By Joshua Partlow - WASHINGTON POST
Updated: 05/11/07 7:46 AM
BAGHDAD — A majority of Iraq’s parliament has signed a proposed bill that would require a timetable for the withdrawal of U.S. soldiers from Iraq and freeze current troop levels.
The bill would create a timeline for a gradual departure, much like what some Democratic lawmakers in the United States have demanded, and would require the Iraqi government to secure parliament’s approval before any further extensions of the U.N. mandate for foreign troops in Iraq, which expires at the end of this year.
“We haven’t asked for the immediate withdrawal of multinational forces; we asked that we should build our security forces and make them qualified and at that point there would be a withdrawal,” said Baha al- Araji, a parliamentarian allied with the anti-American Shiite cleric Muqtada al-Sadr, whose supporters drafted the bill. “But no one can accept the occupation of this country.”
In both Iraq and the United States, there is deepening frustration among lawmakers and the public over President Bush’s troop build-up, a policy that has yet to prevent widespread killing in Iraq. At the same time, Bush and Prime Minister Nouri al-Maliki are dispatching their emissaries in an urgent trans- Atlantic gambit to shore up support.
Iraq’s national security adviser, Mowaffak al-Rubaie, was in Washington this week to ask Democratic congressmen to have patience with the troop surge and to not abandon Iraq at such a precarious time.
Wednesday, Vice President Cheney landed in Baghdad to press the government to act quickly on a list of divisive political issues the Bush administration deems necessary for longterm stability.
On his second day in Iraq, Cheney spoke to U.S. soldiers at a base near Tikrit about the difficulties they face each day.
“We are here, above all, because the terrorists who have declared war on America and other free nations have made Iraq the central front in that war,” he said.
“The United States, also, has made a decision: As the prime target of a global war against terror, we will stay on the offensive. We will not sit back and wait to be hit again.”
But as in the United States, Iraq’s lawmakers are moving further away from the views of the government, particularly on the basic issue of American presence in Iraq.
The draft bill is being championed by a 30-member bloc loyal to al-Sadr, but it has also gained support from some other Shiite, Sunni and Kurdish legislators. So far, at least 138 lawmakers have signed the proposed legislation, the slimmest possible majority in the 275- member parliament, according to al-Araji.
“We think that America has committed a grave injustice against the Iraqi people and against the glorious history of Iraq, when they destroyed our institutions, and then rebuilt them in the wrong way,” said Hussein al-Falluji, a lawmaker from the largest Sunni coalition in parliament, and a supporter of the timetable proposal.
Several legislators, including those loyal to al-Maliki, doubted the effort would succeed at a time when Iraqi troops still rely on U.S. firepower.
“I don’t think it’s a good idea.

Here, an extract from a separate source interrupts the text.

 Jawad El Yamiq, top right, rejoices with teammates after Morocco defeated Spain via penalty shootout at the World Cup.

Unless we complete building our forces so we are capable of defending the country, and bringing security to the country, then we are not ready for something like this,” said Hachim al-Hassani, a secular Sunni from the Iraqi National List.
Ali al-Adeeb, a lawmaker from al-Maliki’s Dawa party, said any timetable for American withdrawal should be accompanied by a timetable for training and equipping the Iraqi security forces.

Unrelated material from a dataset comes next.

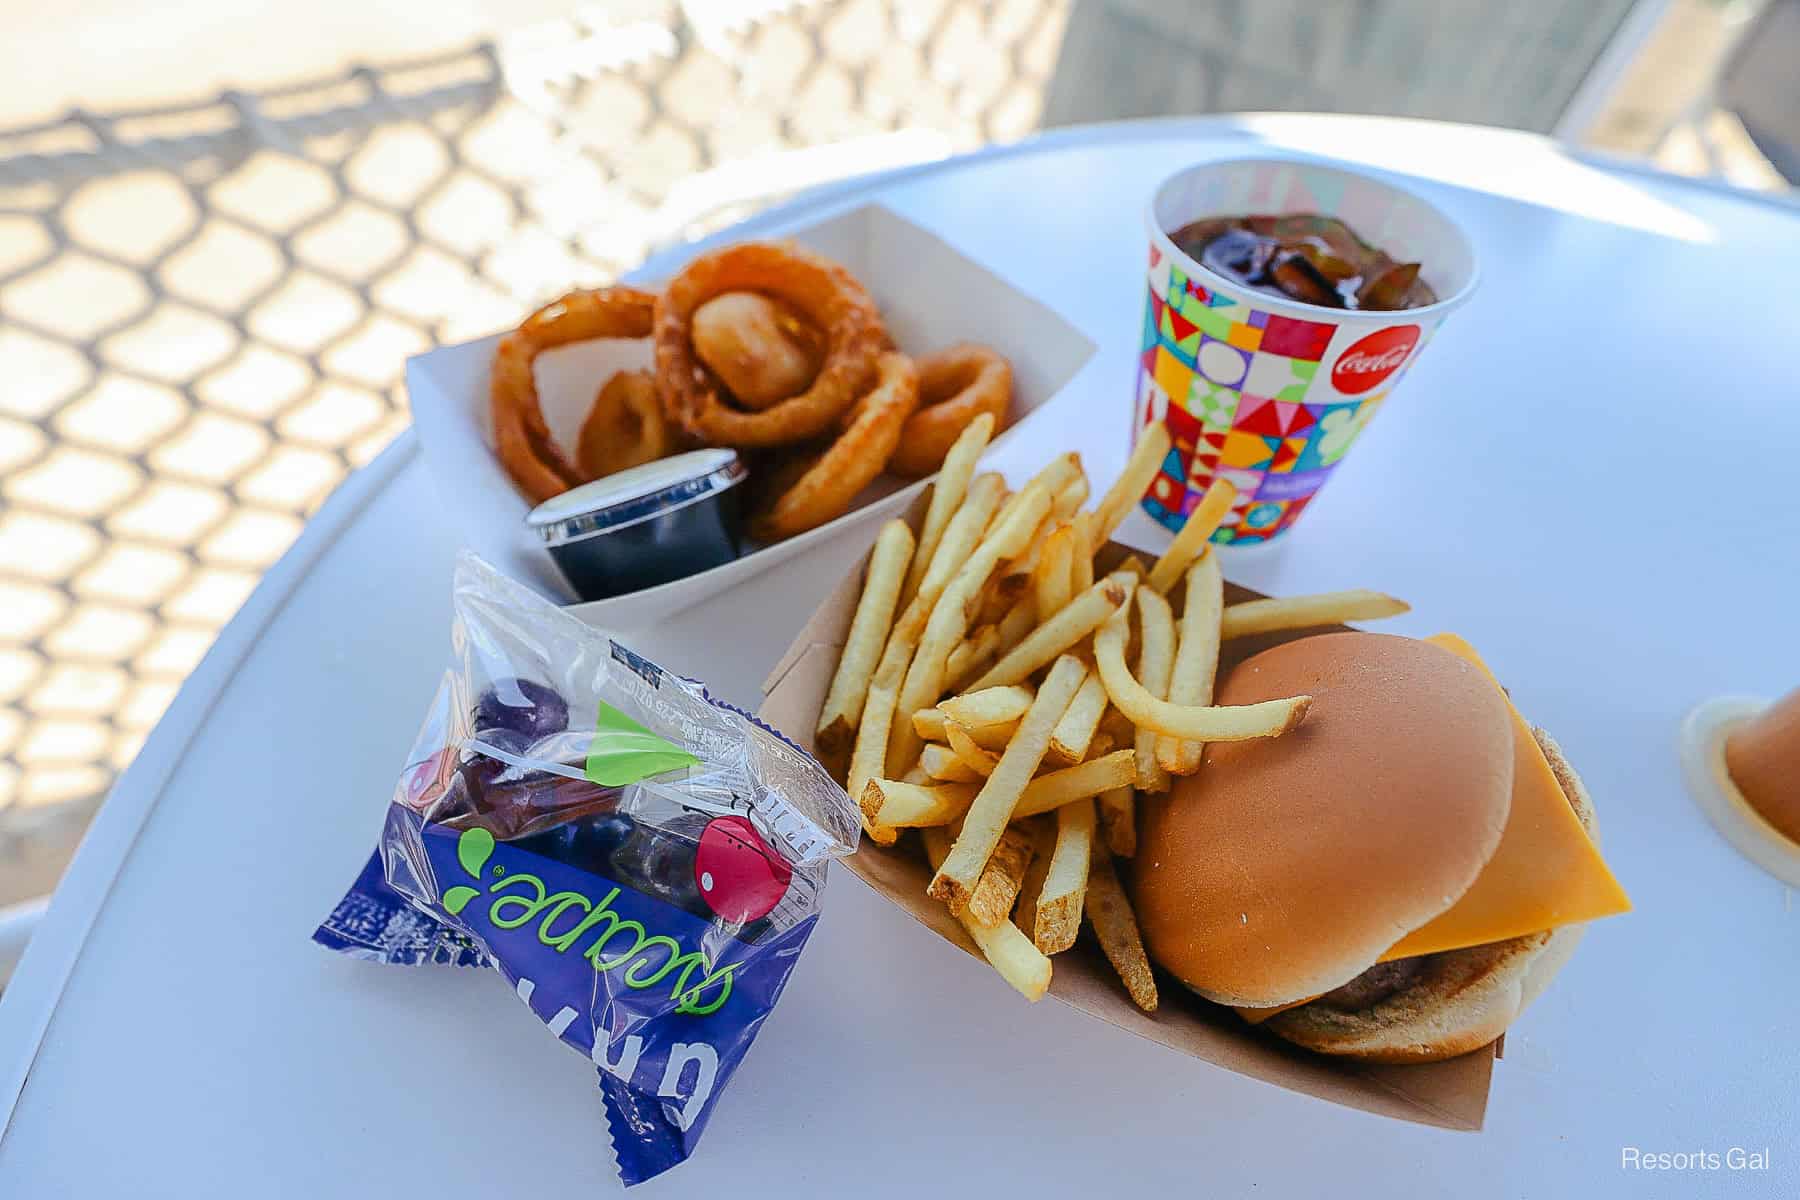 a kids' cheeseburger meal from Hurricane Hanna's

There was also some disagreement over the terms of the proposed timetable legislation. Kurdish lawmaker Mahmoud Othman told the Associated Press he agreed to back the measure on the condition it include an accompanying timeline for the build-up of Iraqi forces, but this was not included in the draft, which he called a “deception.”

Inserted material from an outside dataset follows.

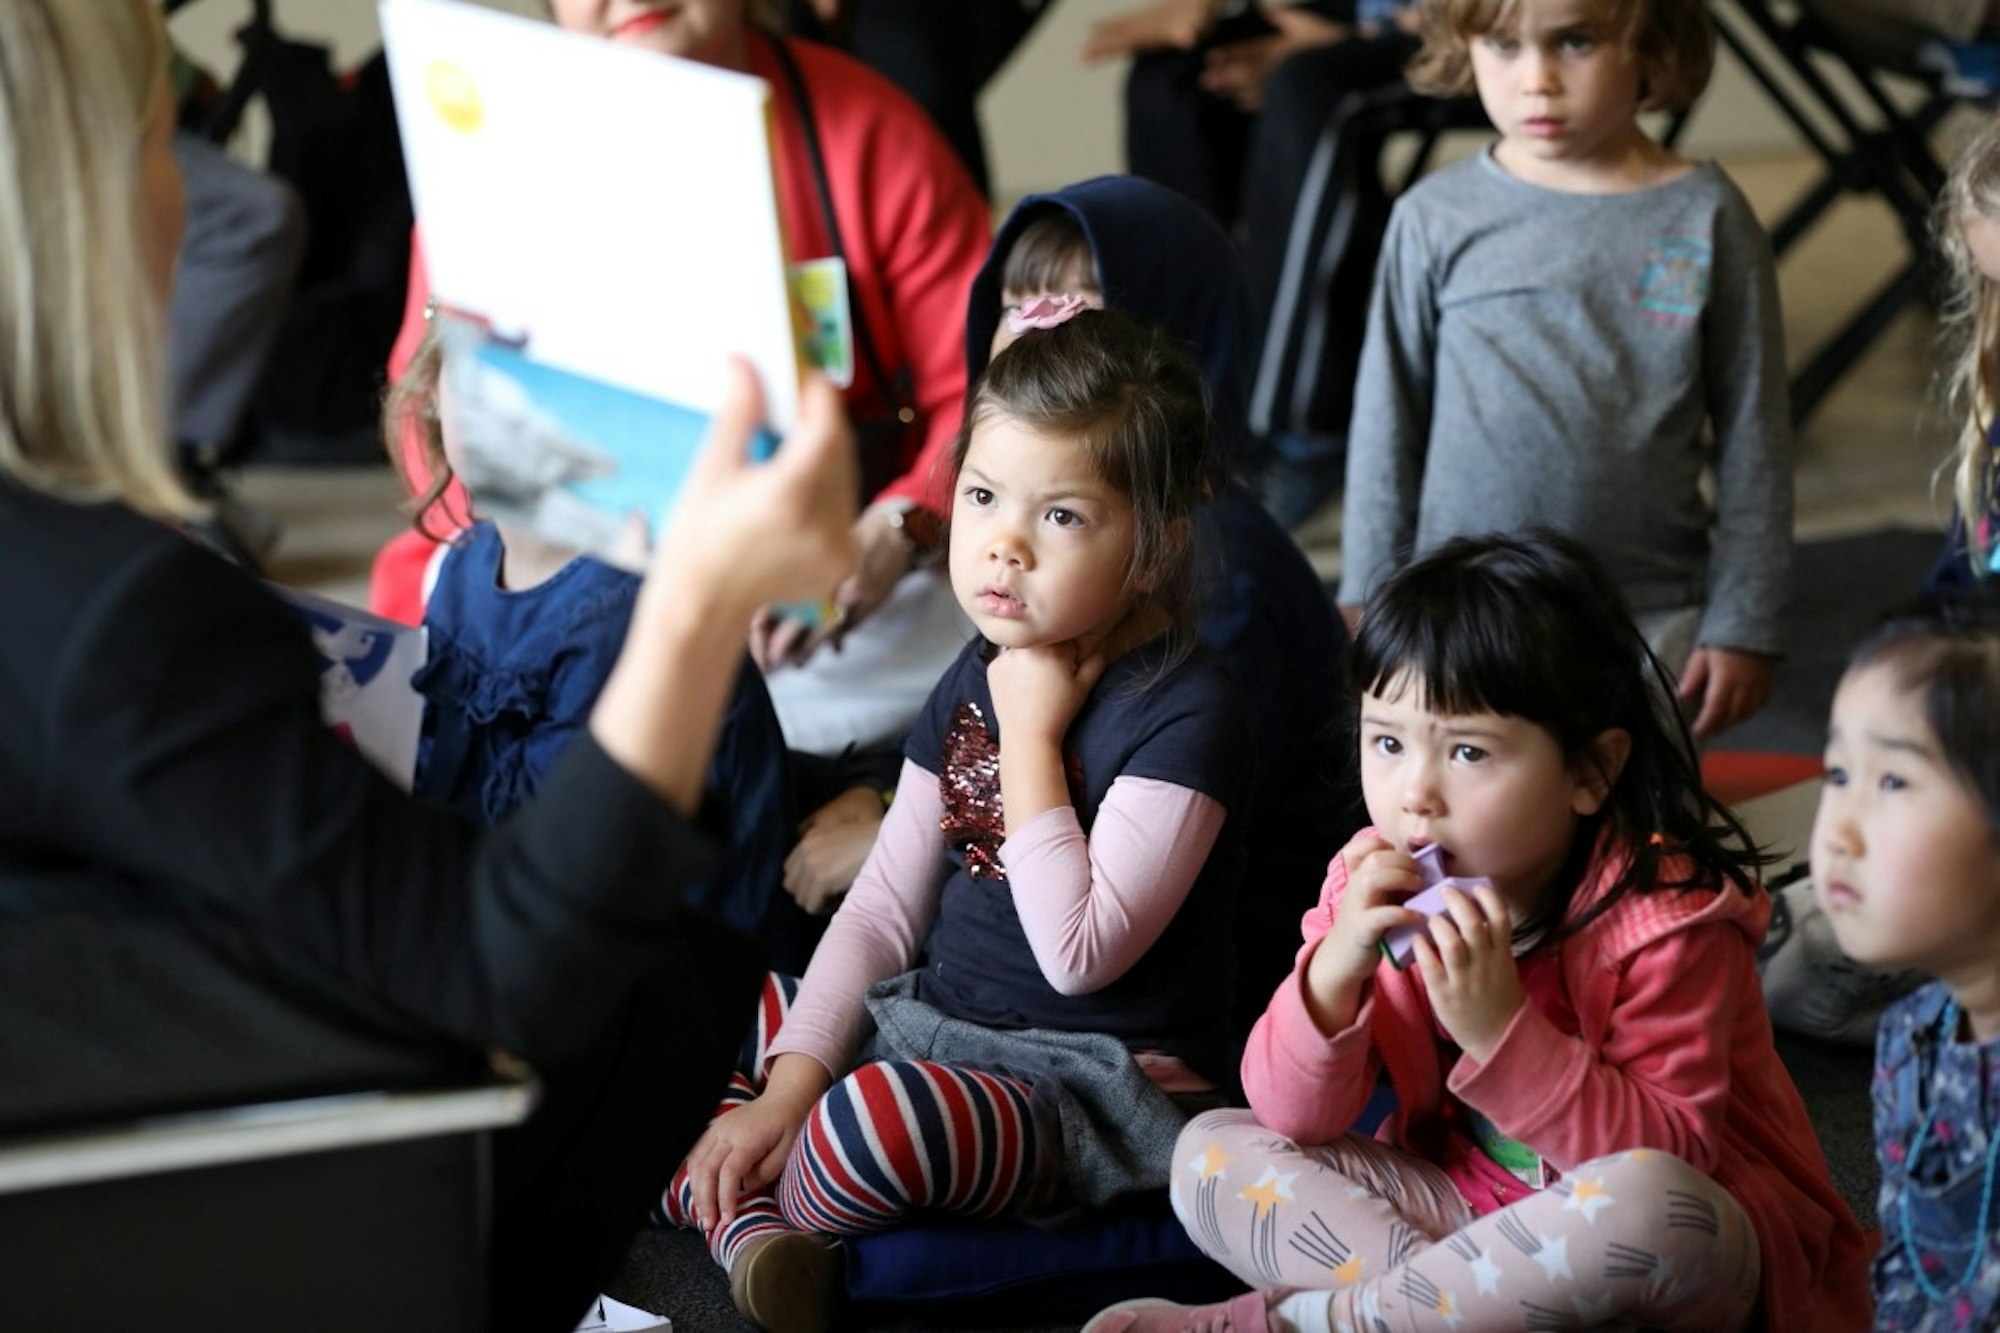 Children sit on the floor looking up at a person who is holding a book

The sectarian violence continued on Thursday, as the Islamic State of Iraq, an insurgent coalition that includes al-Qaida in Iraq, posted an Internet video that purports to show the killing of nine Iraqi police and army officers.
The U.S. military said one Marine had been killed Tuesday during fighting in Anbar province in western Iraq. Two other U.S. soldiers died Thursday from gunshot wounds, one in Baghdad and the other in Diwaniyah, south of the capital. The deaths raised the U.S. toll to 3,383 since the war began in March 2003.